The sight of the telegram agitated her. Drawing aside, she opened it at once. Wilfrid had despatched it the previous night from London. ‘I shall be in Dunfield at one o’clock tomorrow. Please leave a note for me at the post- office, appointing any place of meeting at any time you like. I shall find the place from your description.’
The letter, as she could perceive by feeling it, was long; there was no necessity to open it until she reached home. But the note she must write at once. In agitation which would scarcely allow her to reflect, she left the office and sought a small shop where she could procure notepaper. On her way she devised a plan for meeting. In the shop where she made her purchase, she was permitted also to write the note. Having stamped the envelope, she returned to the post-office, and, to make sure that no delay might disappoint Wilfrid, gave the letter into the hands of a clerk, who promised, with a smile, that it should at once be put into the right place. Emily found the smile hard to bear, but fortunately she was unknown.
Then she set forth homewards. Such news as this, that she would see and speak with Wilfrid in a few hours, set self-command at defiance. Between joy at the thought that even now he was nearing her, and fear of the events which might have led him to such a step, she was swayed in a tumult of emotion. She longed to open the letter, yet felt she could not do so in the public roads. She tried to think whether any ill chance could possibly interpose to prevent her being at the place of meeting; none was to be anticipated, unless, what was very unlikely, her mother should propose to join her afternoon walk. But what could his coming mean? She feared that she understood too well.

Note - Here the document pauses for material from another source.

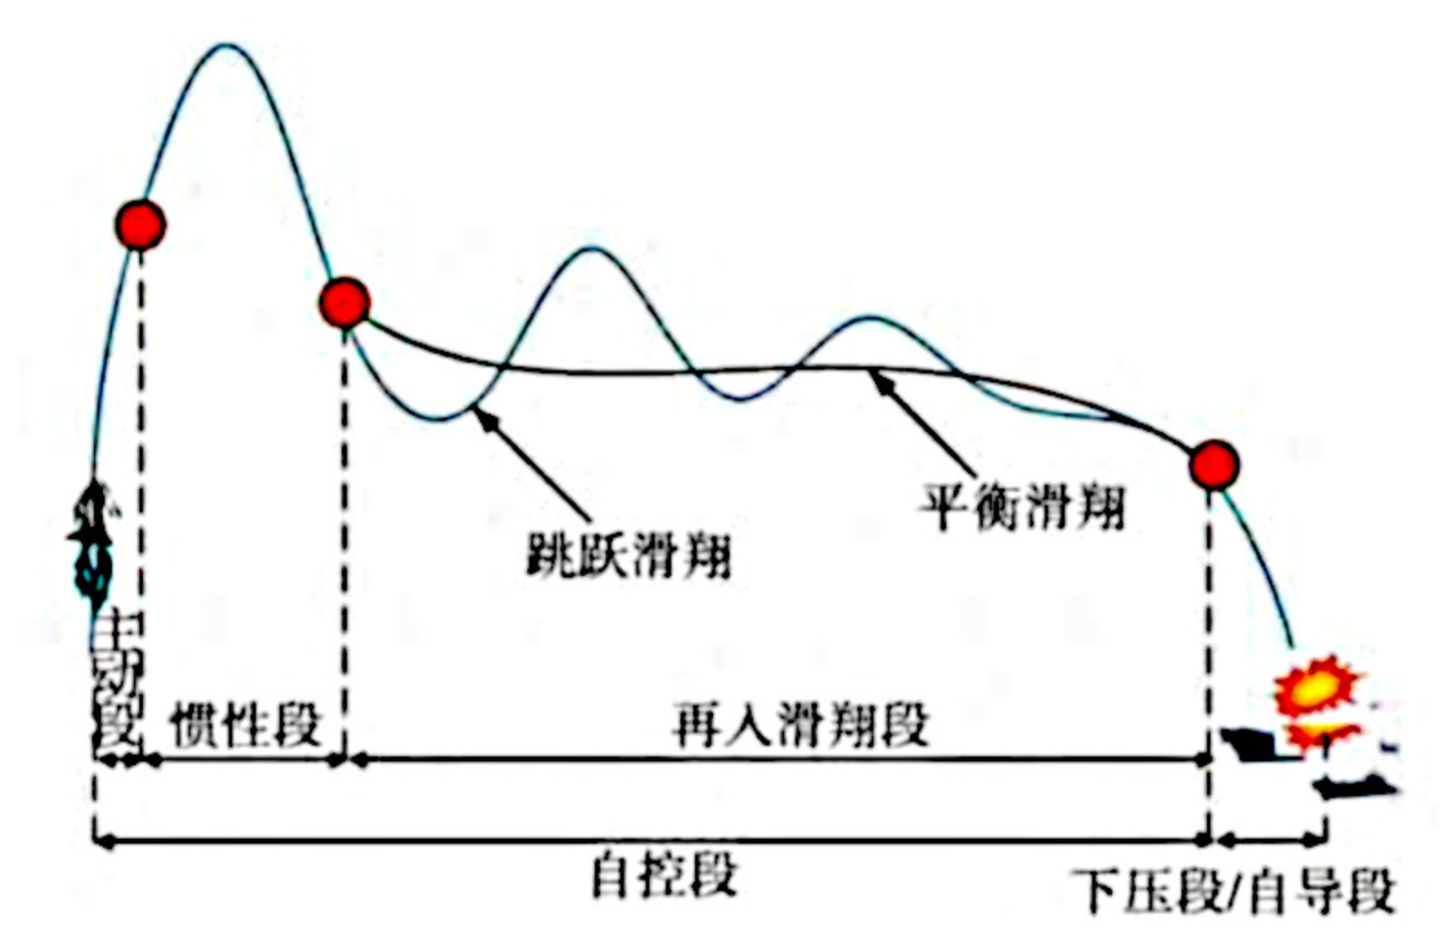 A Chinese graphic showing a ballistic missile with the ‘porpoising’ or skip-glide trajectory associated with the CM-401. <em>via Chinese internet</em>
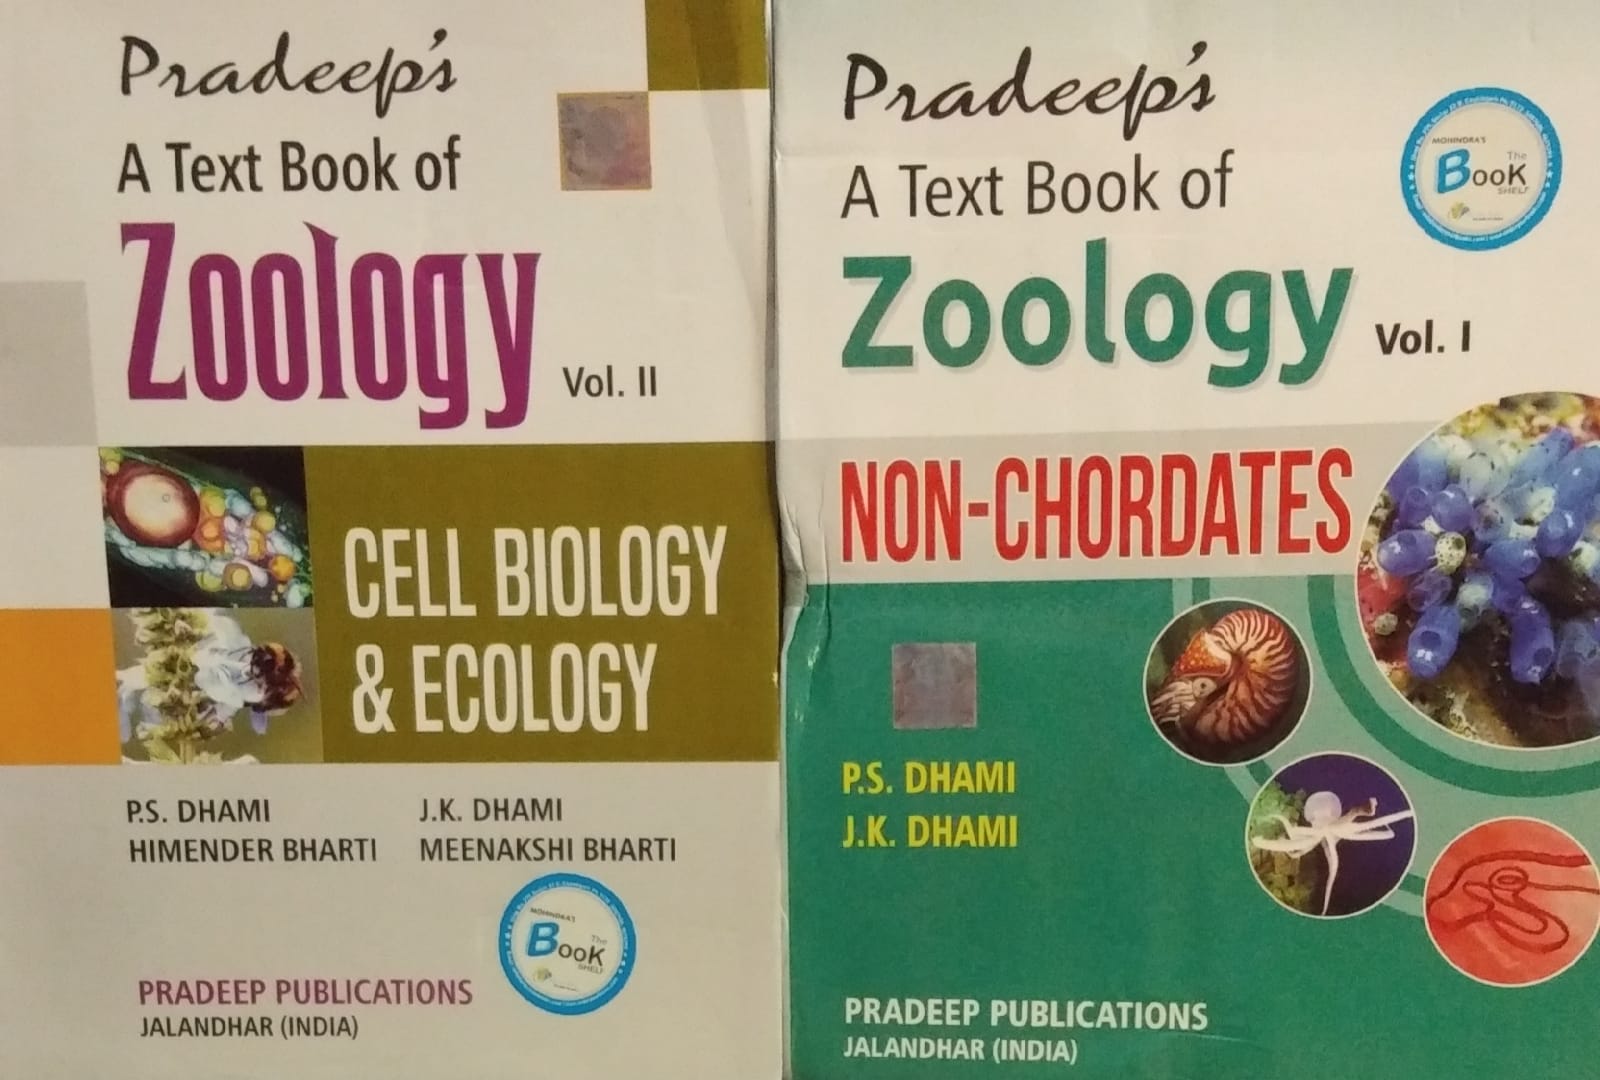 Pradeep A Text Book of Zoology Vol. 1 and Vol 2(set of 2 books), Nonchordates B.Sc., Sem. 1 & 2 (P.U.) by P.S. Dhami & J.K. Dhami, Edition 2022

Often she had to check the over-haste of her pace, and the way seemed terribly long, but at length she was at home and close shut in her bedroom. The letter did not aid her to account for his coming; it had been written late on Friday night, but made absolutely no reference to what had passed between Wilfrid and his relations. It was a long and passionate poem of his love, concerned not with outward facts, but with states of feeling. Only at the end he had added a postscript, saying that he should write again on Monday.
It was difficult to live through the morning. She felt that she must be busy with her hands, and, her mother’s objections notwithstanding, set herself resolutely to active housework. Her anxious feelings in this way toned themselves to mere cheerfulness. She listened with unfailing patience to the lengthily described details of domestic annoyances of which Mrs. Hood’s conversation chiefly consisted, and did her best to infuse into her replies a tone of hopefulness, which might animate without betraying too much. The hours passed over, and at length it was time to set forth. Mrs. Hood showed no desire to leave home. Emily, though foreseeing that she might again be late for tea, did not venture to hint at such a possibility, but started as if for a short walk.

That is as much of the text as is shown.